Читая, я всё больше изумлялся. Максимов рассказывает нам забавную небылицу? Нет, он пишет серьёзную статью по языкознанию и научно объясняет, почему петрозаводцев обзывают боскоедами! Мать жениха запихала собаку, то ли ощенившуюся, то ли собравшуюся ощениться, на горячую печь? Бедные щенки падали с печи целенаправленно ― в одну сторону, в одно место, именно в щи? Такого не могло быть! Бедная собака при этом, конечно, выла, но никто не проснулся? Не то что неубедительно, неправдоподобно! Утром хозяйка не заметила отсутствие щенков на печи, не обнаружила их в горшке со щами? И только за свадебным столом показались собачьи морды, уши, лапы ― видимо, гостям предложили хлебать щи из общего чугунка, не разливая по мискам? Что за галиматья!
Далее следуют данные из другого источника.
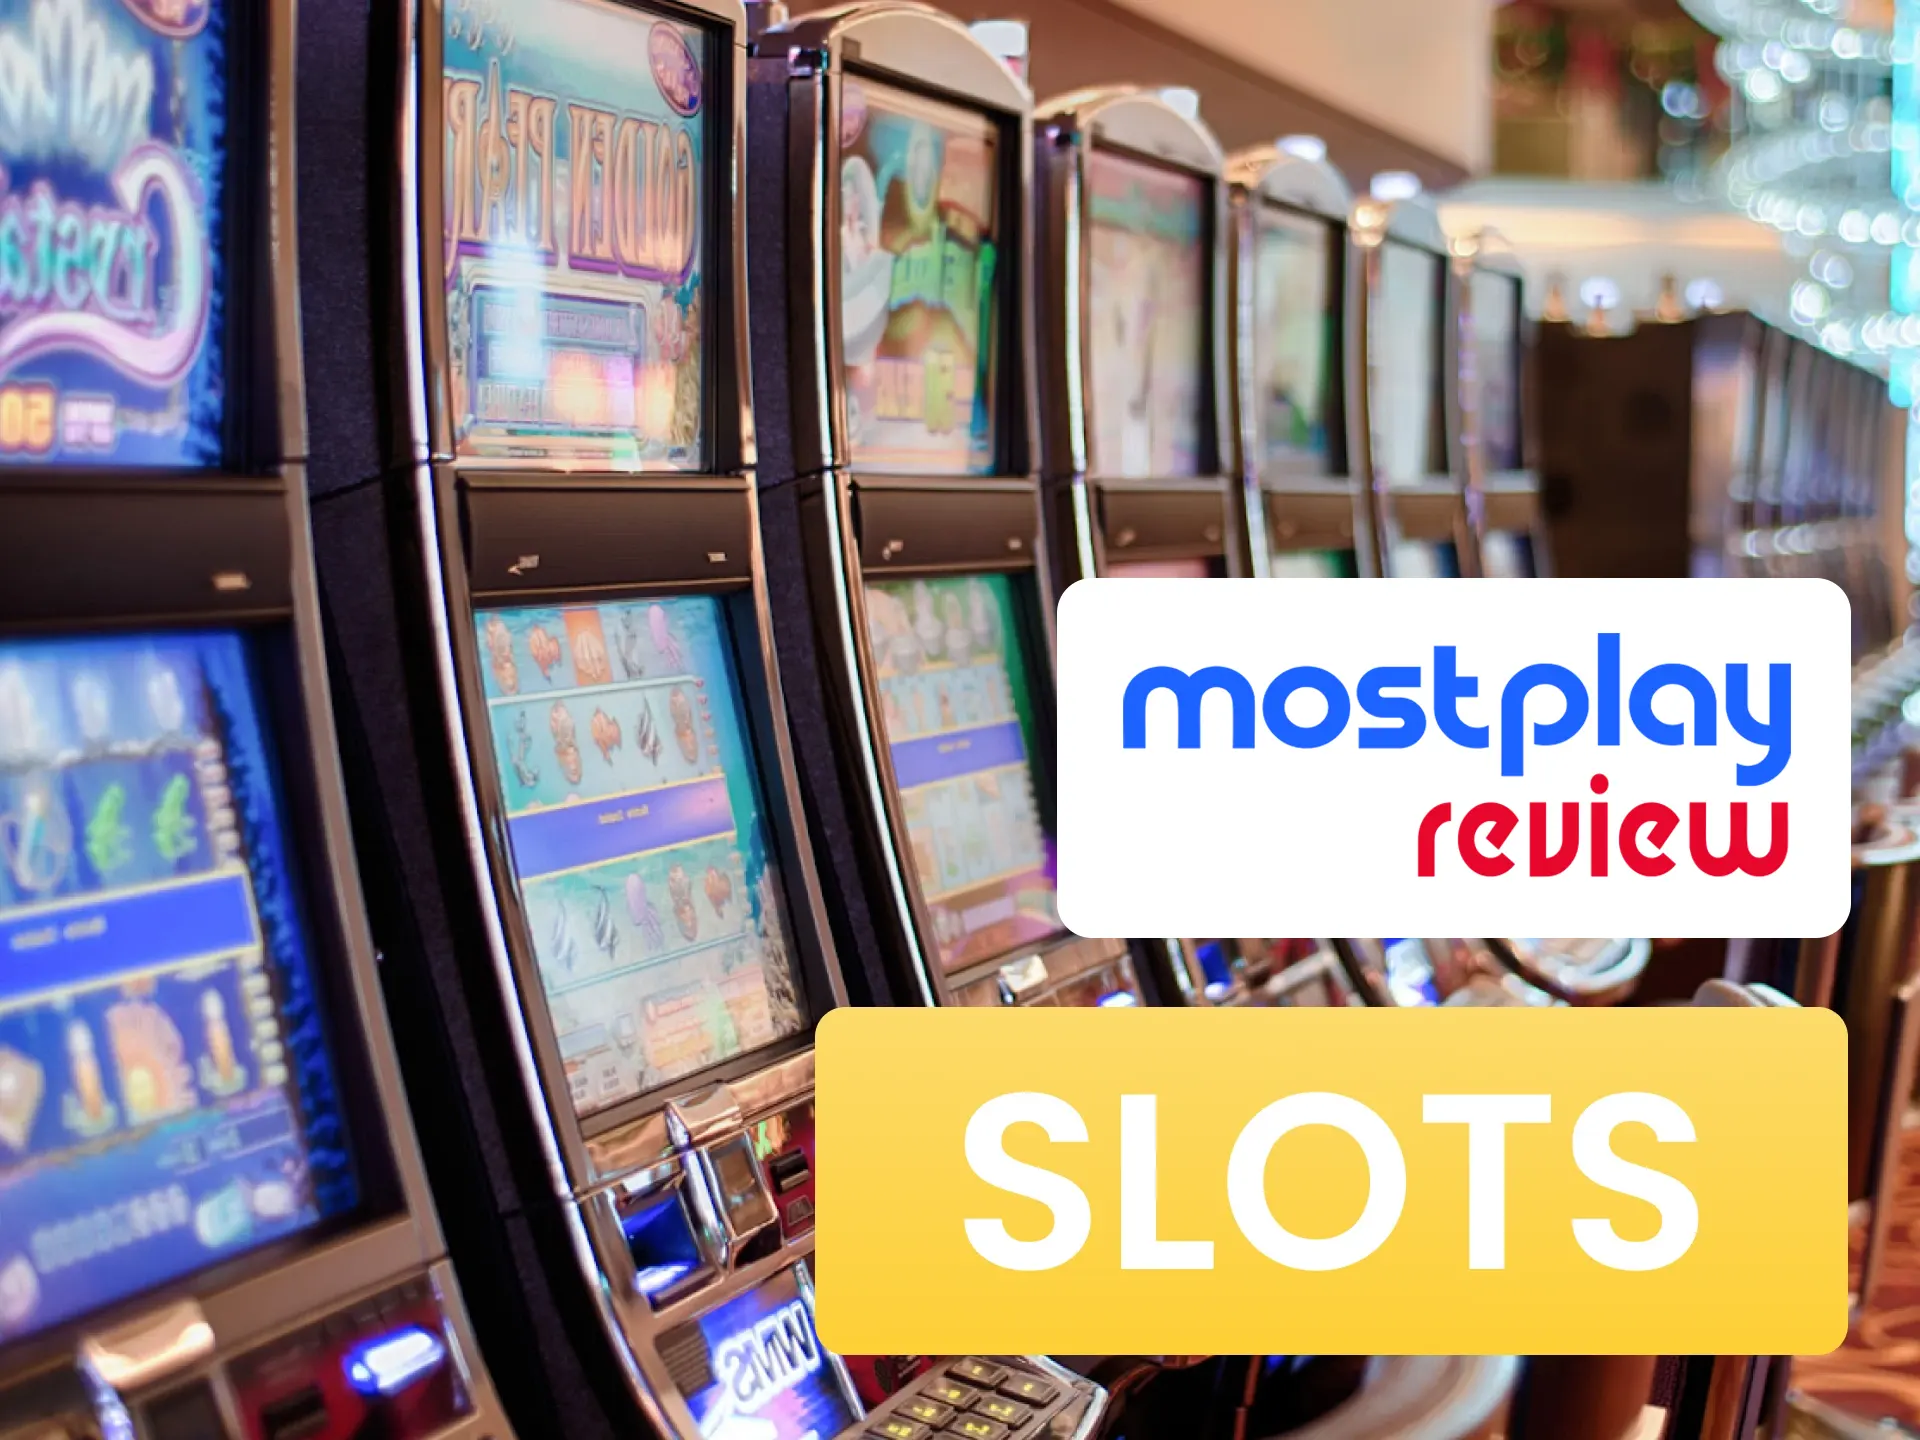 Spin your favourite slots at Mostplay casino.
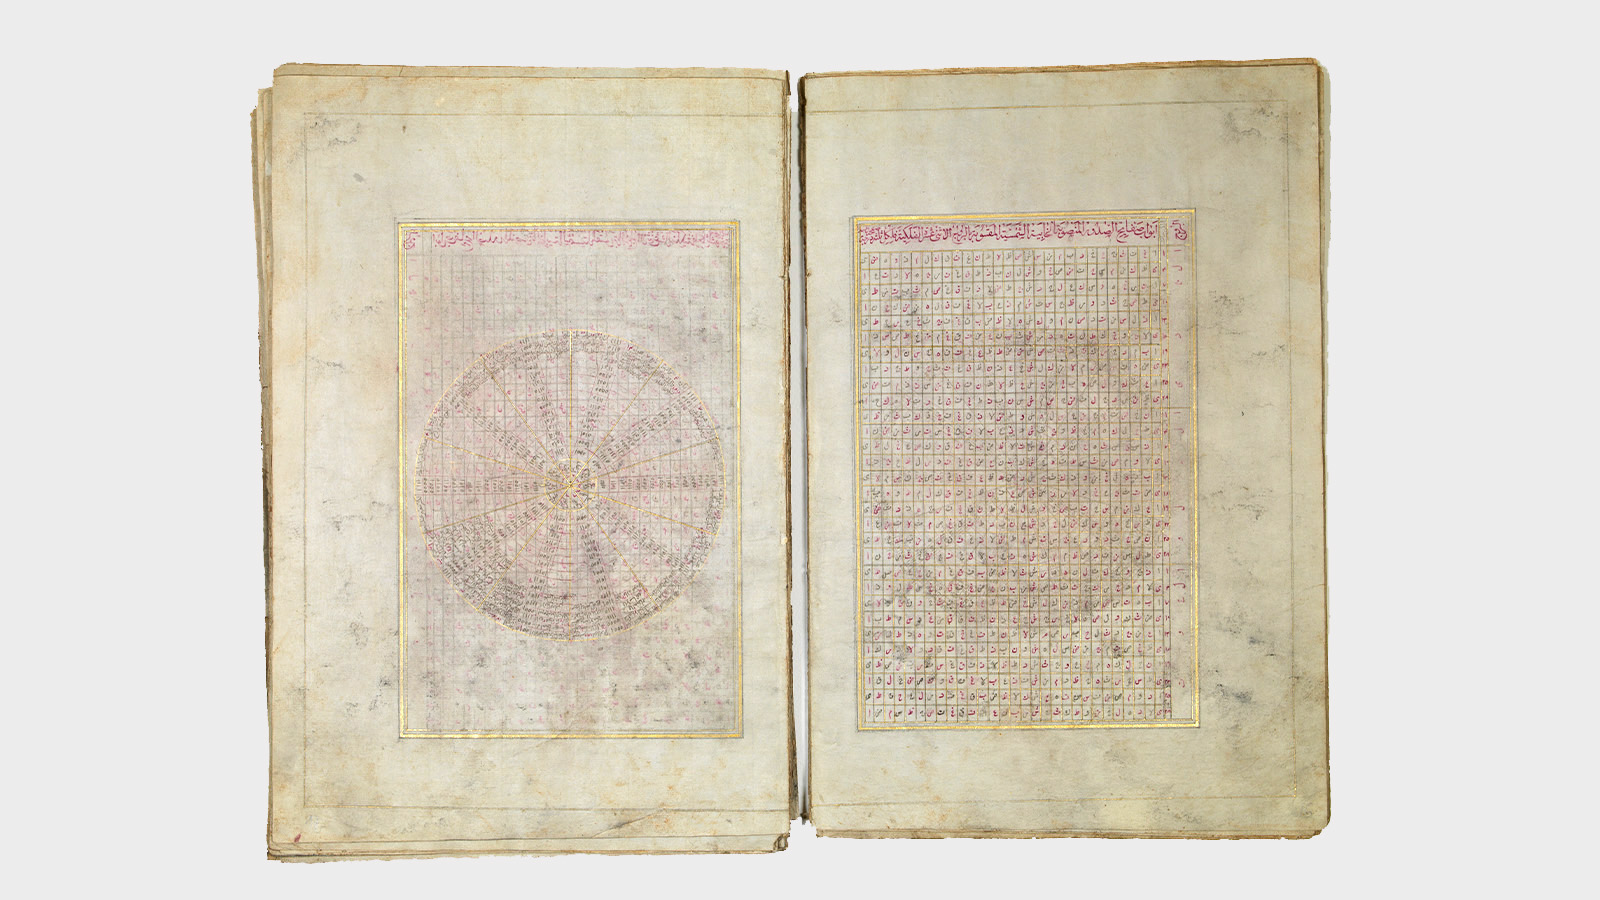 ‘The Emperor’s Gift: Circles of the Sciences and Tables of the Figures’.

Поскольку я учился на филологическом факультете, меня заинтересовало необычное слово боска. Максимов считает его карельским. По-фински, как я знаю, собака называется koira. История Шелтозера связана с вепсами; но вепсско-русский словарь предлагает нам koir, явно родственное тому же koira. Этнограф Максимов, не сказав ничего вразумительного по поводу речения собаку съел, ввёл в обсуждение слова боска и боскоеды и тем самым внёс дополнительную сумятицу в наши разыскания.

4

Присловье об олонецких молодцах, любителях поесть, Максимов мог позаимствовать, например, в «Сказаниях русского народа», собранных И. П. Сахаровым, где (по изданию 1841 года) о жителях Олонца (а не Олонецкой губернии, как можно понимать, читая Максимова) есть также: «У нас один молодец съел тридцать три пирога с пирогом, да все с творогом». Новгородцев обзывали долбёжниками и гущеедами, архангельцев моржеедами, про ладожан говорили, что они: «Щуку с яиц согнали», каргопольцы прослыли толоконниками, как и вологодцы, которые к тому же «Телёнка с подковой съели»… Клички бывают насмешливые, даже злые: в таком-то городе, мол, все вислоухие, и в таких-то краях все кособрюхие. В кличках желание уязвить, осмеять, в них преувеличение, наговор, напраслина и выдумка, как то, что «Псковичи небо подпирали». Смысл подобных речений требуется объяснять, и пояснения имеются, хотя, опять же, трудно определить степень их достоверности; например, холмогорцев считали заугольниками по следующей причине: «Как-то раз Пётр Великий проезжал в Архангельск; холмогорские староверы, из страха, боясь приблизиться к государю, смотрели на него из-за угла. С тех пор будто соседи стали их называть заугольниками».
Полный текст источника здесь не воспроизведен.